▶ Problem description: Pictures aside, return every line below exactly as written.

▶ Raw data:
-- -- --
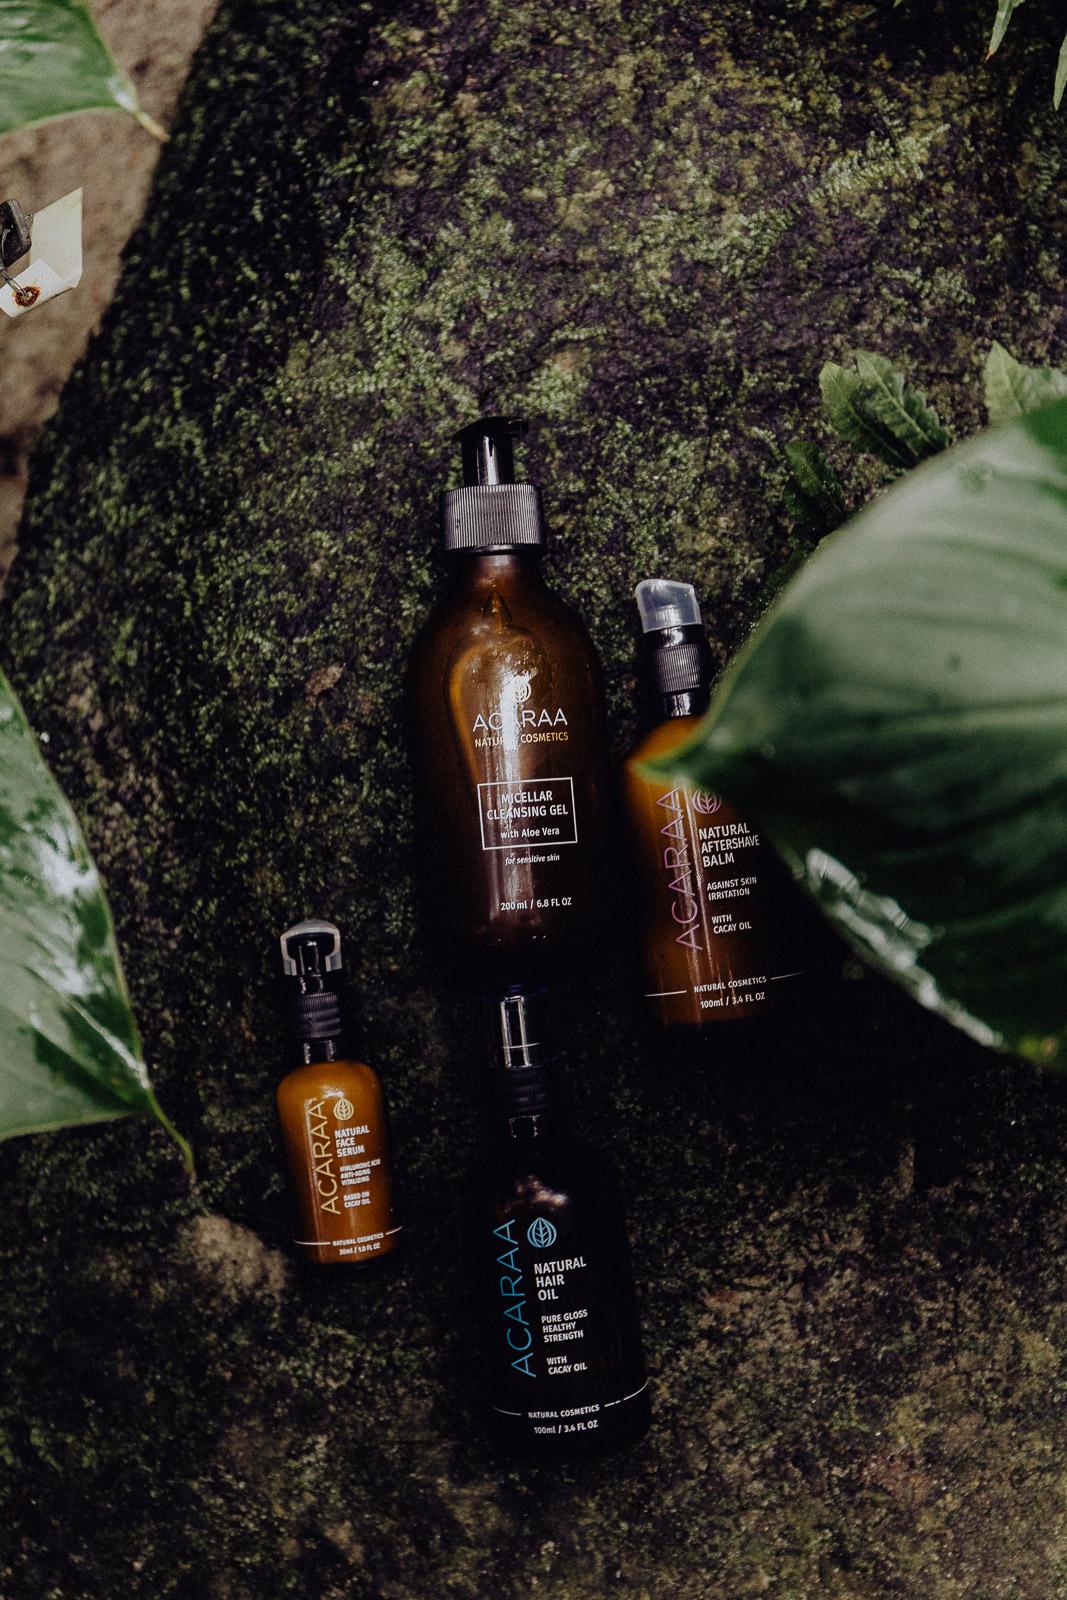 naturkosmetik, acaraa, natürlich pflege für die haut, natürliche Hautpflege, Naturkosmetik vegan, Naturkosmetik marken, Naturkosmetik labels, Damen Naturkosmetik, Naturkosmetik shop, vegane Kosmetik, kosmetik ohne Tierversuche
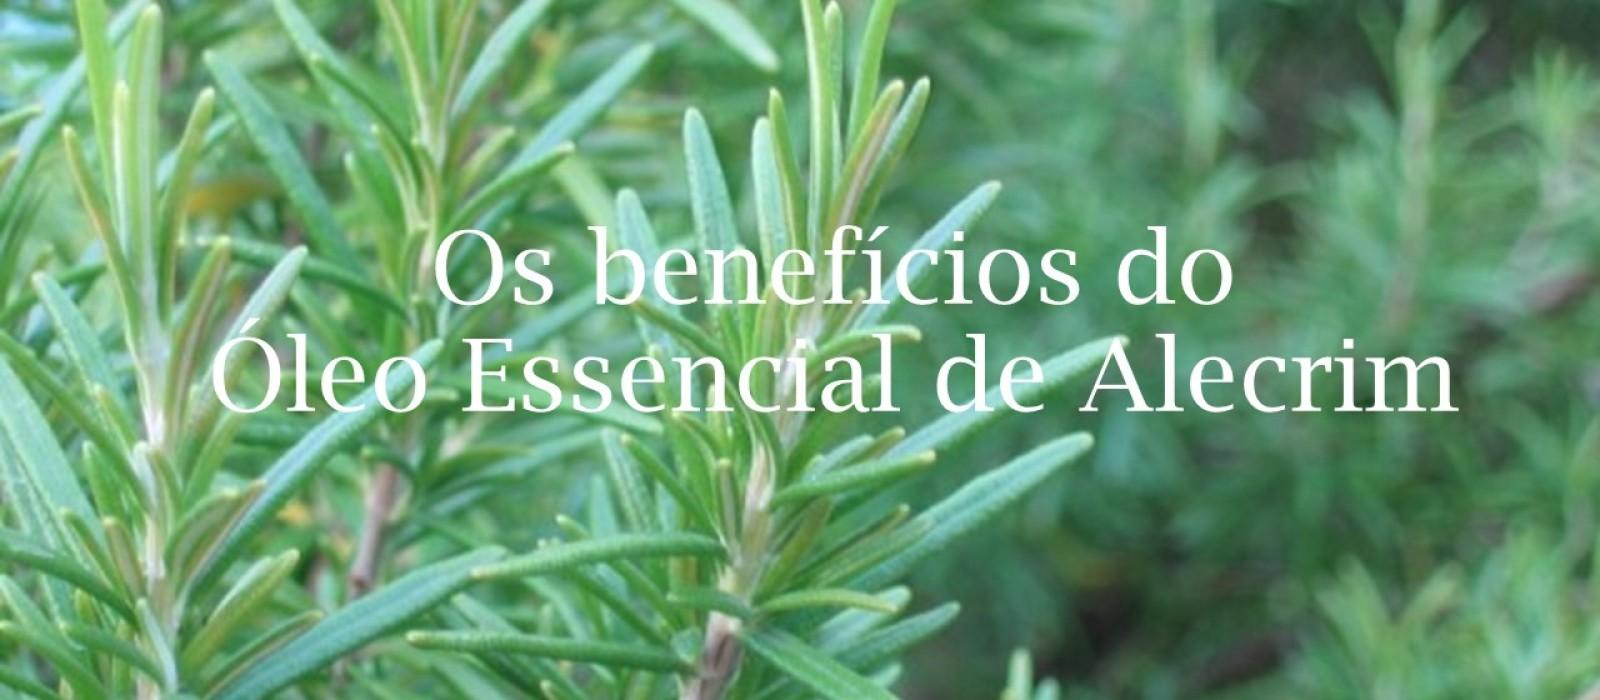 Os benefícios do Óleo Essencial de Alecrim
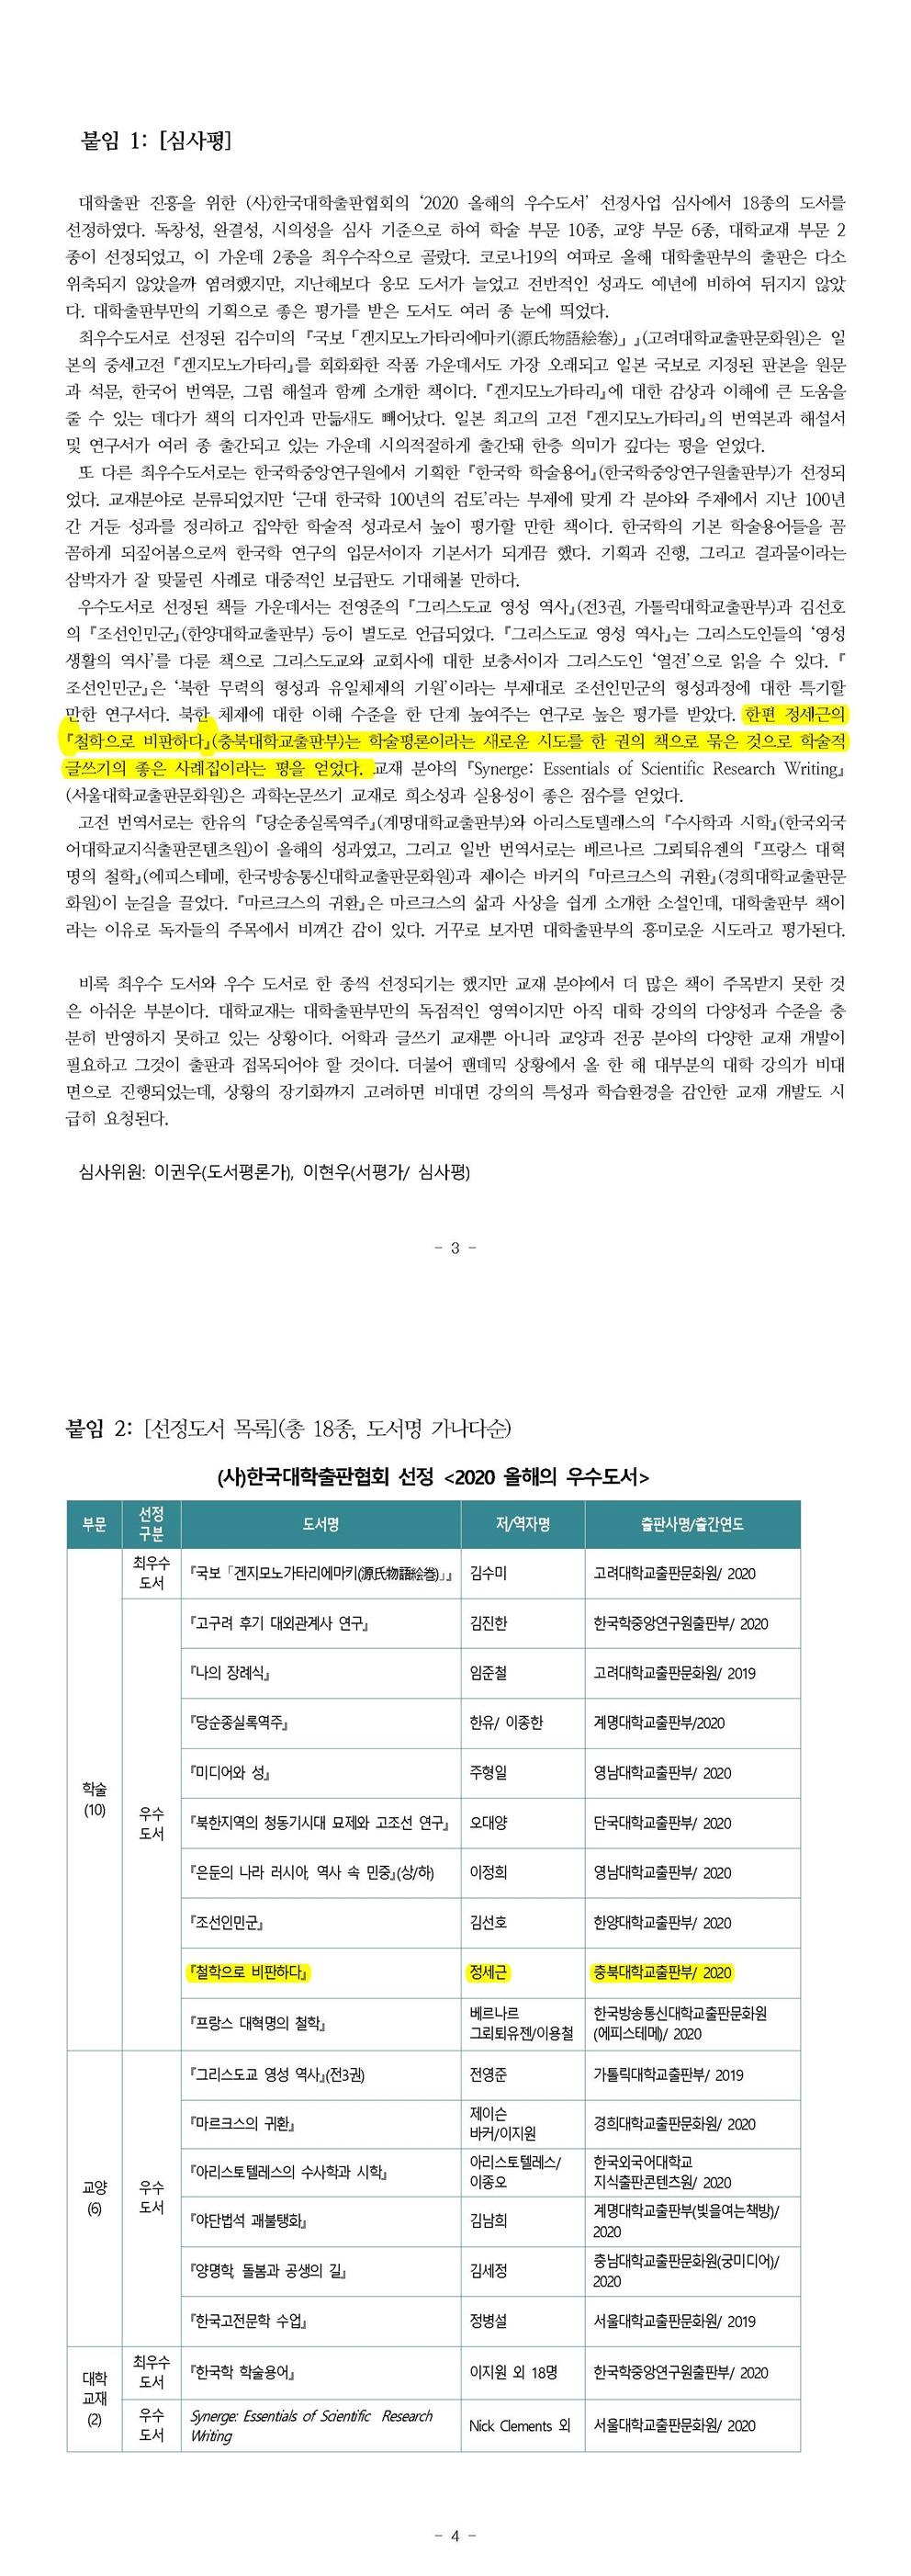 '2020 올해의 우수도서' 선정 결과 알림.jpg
-- -- --
▶ Output for this exercise:
 naturkosmetik, acaraa, natürlich pflege für die haut, natürliche Hautpflege, Naturkosmetik vegan, Naturkosmetik marken, Naturkosmetik labels, Damen Naturkosmetik, Naturkosmetik shop, vegane Kosmetik, kosmetik ohne Tierversuche
 Os benefícios do Óleo Essencial de Alecrim
 '2020 올해의 우수도서' 선정 결과 알림.jpg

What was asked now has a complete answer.